Biden, after his campaign plane landed in Delaware on Wednesday evening, was asked to respond to Trump’s remarks.

"What country are we in? I'm being facetious,” said the former vice president. “I said what country are we in? Look, he says the most irrational things. I don't know what to say."

At least one of Trump’s fellow Republicans in the U.S. Senate, expressed alarm about the president’s remark.

“Fundamental to democracy is the peaceful transition of power; without that, there is Belarus,” said Senator Mitt Romney of Utah on Twitter. “Any suggestion that a president might not respect this Constitutional guarantee is both unthinkable and unacceptable.”

Romney was his party’s nominee for president in 2012 and has been one of the few Republicans in the Senate to occasionally take issue with Trump’s rhetoric and actions.

“There is no question that he means exactly what he said,” Congressman Adam Schiff, chairman of the House Intelligence Committee, said on MSNBC about the president’s comment, adding that it was time for those serving in the Trump administration “to resign” in protest.

One of the country’s oldest constitutional rights groups also weighed in.

“The peaceful transfer of power is essential to a functioning democracy. This statement from the president of the United States should trouble every American,” said David Cole, the national legal director of the American Civil Liberties Union.

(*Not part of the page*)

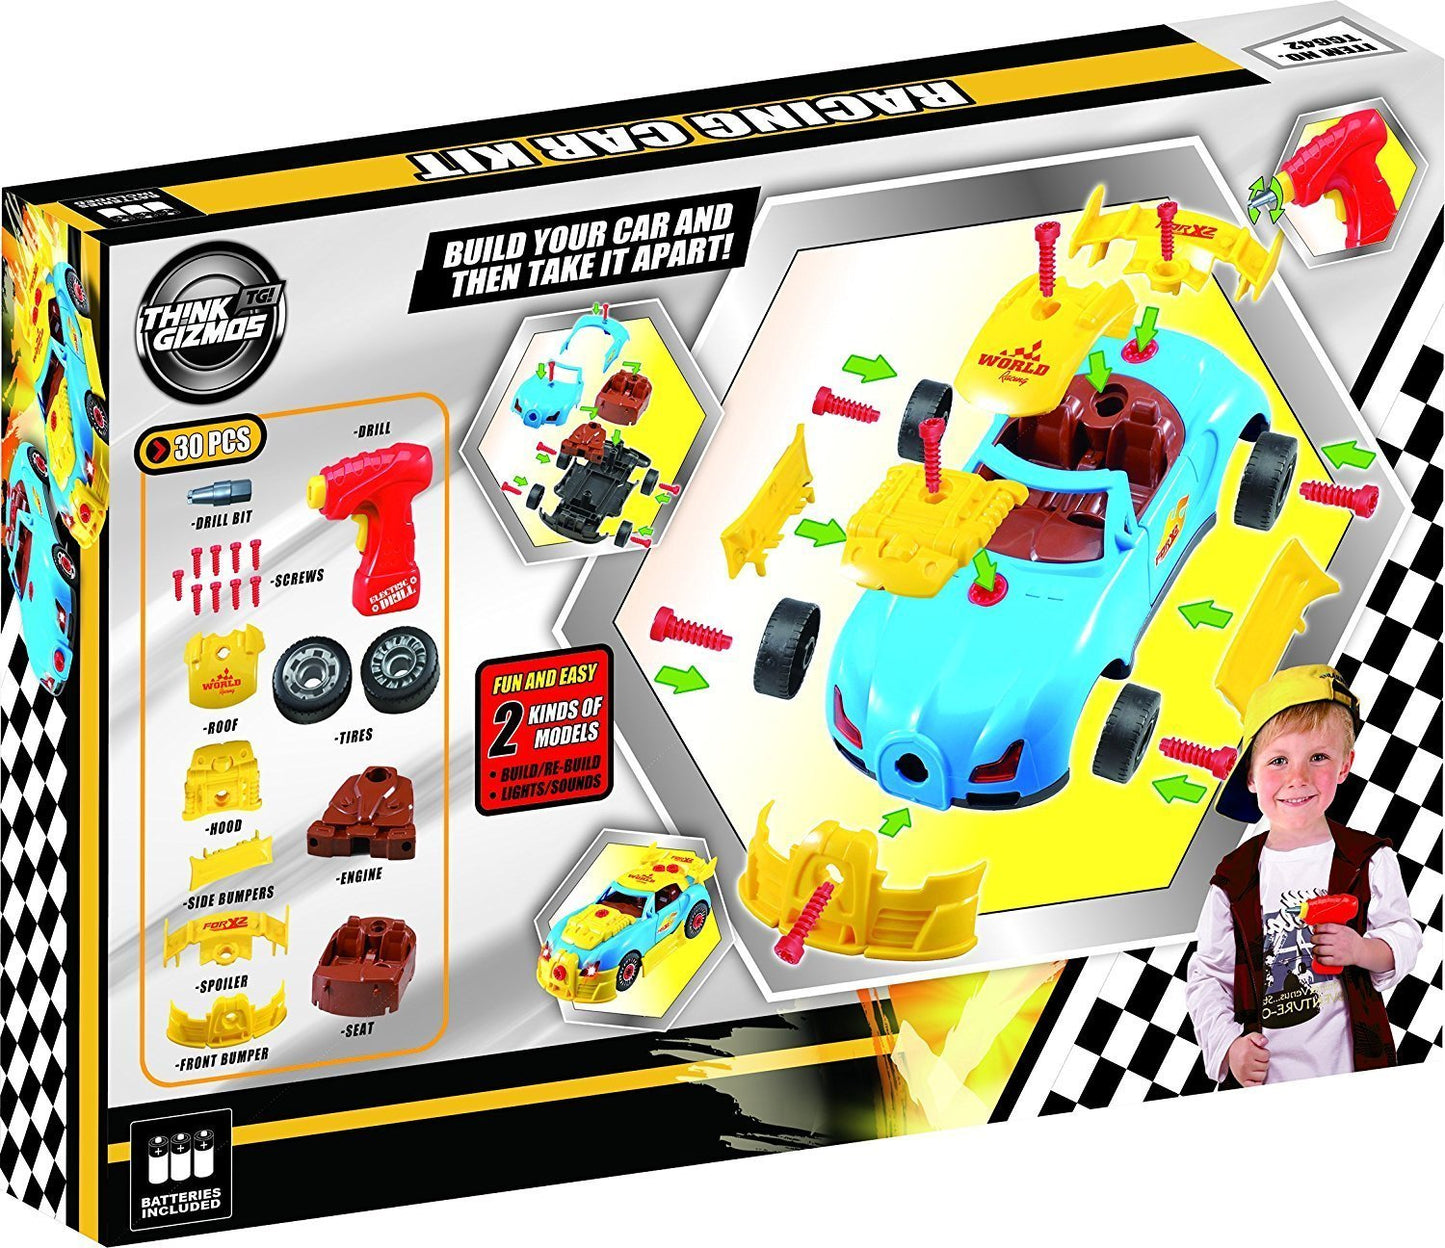 Think Gizmos Take Apart Toy Racing Car - Construction Toy Kit for Boys and Girls Aged 3 4 5 6 7 8 - Build Your Own Car Kit Updated Version 3 Exclusive to

Earlier Wednesday, Trump said he thinks the November election "will end up in the Supreme Court and I think it's very important that we have nine justices."

The president plans to announce his Supreme Court nominee on Saturday to fill the seat of liberal Justice Ruth Bader Ginsburg who died this past Friday.

If the Senate confirms the president’s nominee before the election that would give the conservative wing a 6-3 majority on the court.

"This scam that the Democrats are pulling, it's a scam, the scam will be before the United States Supreme Court, and I think having a 4-4 situation is not a good situation," said Trump.

The president has repeatedly expressed concern about plans by a number of states, including California, Colorado, Hawaii, Nevada, New Jersey, Oregon, Utah, Vermont and Washington, to automatically dispatch mail-in ballots to all state residents for the election.

Benjamin Ginsberg, a top election lawyer who has represented four Republican presidential candidates, has been quoted this month saying Trump’s prediction of fraud with such ballots lacks evidence.

“The president’s words make his and the Republican Party’s rhetoric look less like sincere concern — and more like transactional hypocrisy designed to provide an electoral advantage,” Ginsberg wrote in a Washington Post opinion article. “And they come as Republicans trying to make their cases in courts must deal with the basic truth that four decades of dedicated investigation have produced only isolated incidents of election fraud.”